I remember in my twenties being carefree, rolling with the flow and being open to all experiences. That is what I love about our twenties. We are open to experiencing life and girl we get laid a lot more often than let’s say, in our later decades. Trust me  when I tell you that. And perhaps my input comes from having become more careful and choosy about who I share my body with. But believe me, thankfully I was careful most of the time back then and avoided terrible outcomes, which tend to show up much later in life. And in the few cases when I was careless, I guess I just got lucky. But not everyone of us is going to be that lucky more than a couple of times. We cannot push our luck. So, I say to you NO, NO to meeting romantic partners on line. CL is fine if you are looking for other things but not when you’re looking for something real. You will be setting yourself up for many more disappointments than pleasant surprises. I use CL for buying and selling things, for hiring, travel info, etc. But NOT for romantic partners.

 

My Space.com and dating sites .- Another huge NO NO.  Do you know how many predators and other malicious Internet criminals are out there searching for information about you?

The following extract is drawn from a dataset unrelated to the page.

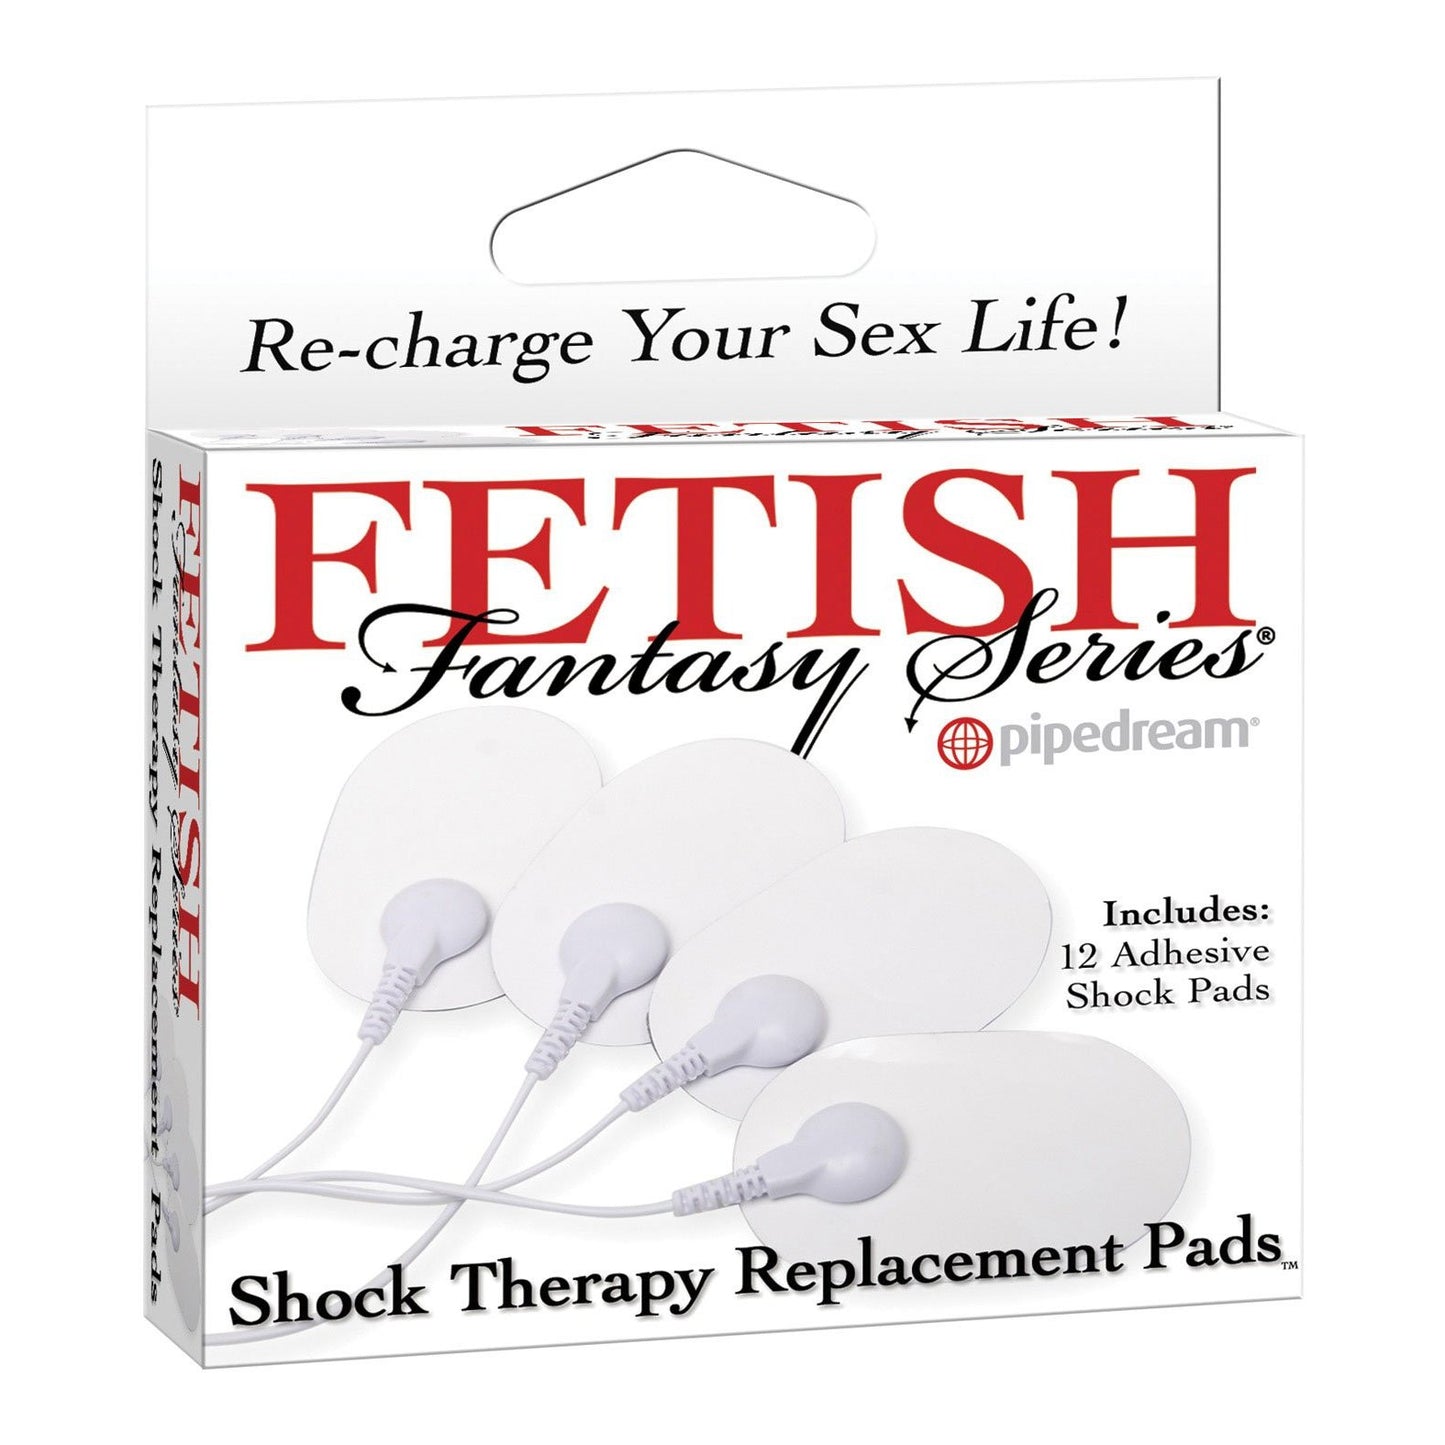 Fetish Fantasy Therapy Replacement Pads - 12 Piece

And you know all the possible things they can do with that information?  The mere concept of putting your name, your birthday, your favorite things, your picture, your face, your list of “friends”, your e-mail address, is a scary concept when you look at all the things that these perverts can end up doing with that information. 

 

Now, don’t get me wrong. If you want to advertise somewhere, something of interest to you, or a fun social/commercial event, sure, put it out there in sites like myspace. But I don’t care how safe you think you are, you just don’t put your personal information for the whole world to see. I know that all of us are driven by that need to be famous, but believe me, the famous don’t want it. They don’t do it. It’s just not safe, nor smart. Again, here the risks outweigh the benefits. I can understand a singer, or a club owner posting info about their music, their CD, their party but could you imagine Madonna or Tom Cruise, or Rosie or Oprah, posting their personal information on line that way, or worse, posting their picture on a dating site? 

 

What if some of you turn out to be rich and famous (or probably already are and you know exactly what I’m talking about) down the road and then you’ll regret those things you placed on line. (Think National Enquirer material, the Globe and the like).  I hate to sound like your mother but really, do yourself a favor; don’t bother with those dating sites. Don’t bother posting your name, your picture, or the like. Again, the risks outweigh the benefits. Meeting people on line with the purpose of romance and partnering, in my opinion, is like mental masturbation. You are nowhere near touching the real thing. Most of it is in your head and when it become reality, chances are it’ll turn out to disappoint you.

 

Believe me, there are enough disappointments already in the real world. Forget about cyber space for potential partners. Too much risk and too much exposure with too little benefit. Play it safe. Making friends online first it’s probably the safer way to go. See what happens. But for dating and romance, put your mouse and keyboard aside and work the physical flesh and bones world. Get a little daring and get out there and meet real people, especially if you live in a large city like NY. You have so many options. And here’s where the Internet is very handy. Find out where to go and go. So, get yourself pretty, and get all of your senses involved the next time you meet that potential romantic partner. Stay away from cyber space for that sole and intimate purpose. Use it for information gathering, where to go, tips on this or that, but not for this. I cannot say it enough.

 

In the next couple of days I will be addressing a major potential security issue that we all need to address, even when meeting “potential friends” online. But for now, I’ll end the aspect of meeting possible romantic partners on line by saying, “Don’t bother. Too much at stake. Risks outweigh the benefits.” In a rating system, I’d give the concept of meeting worthwhile romantic partners, online, a mere D.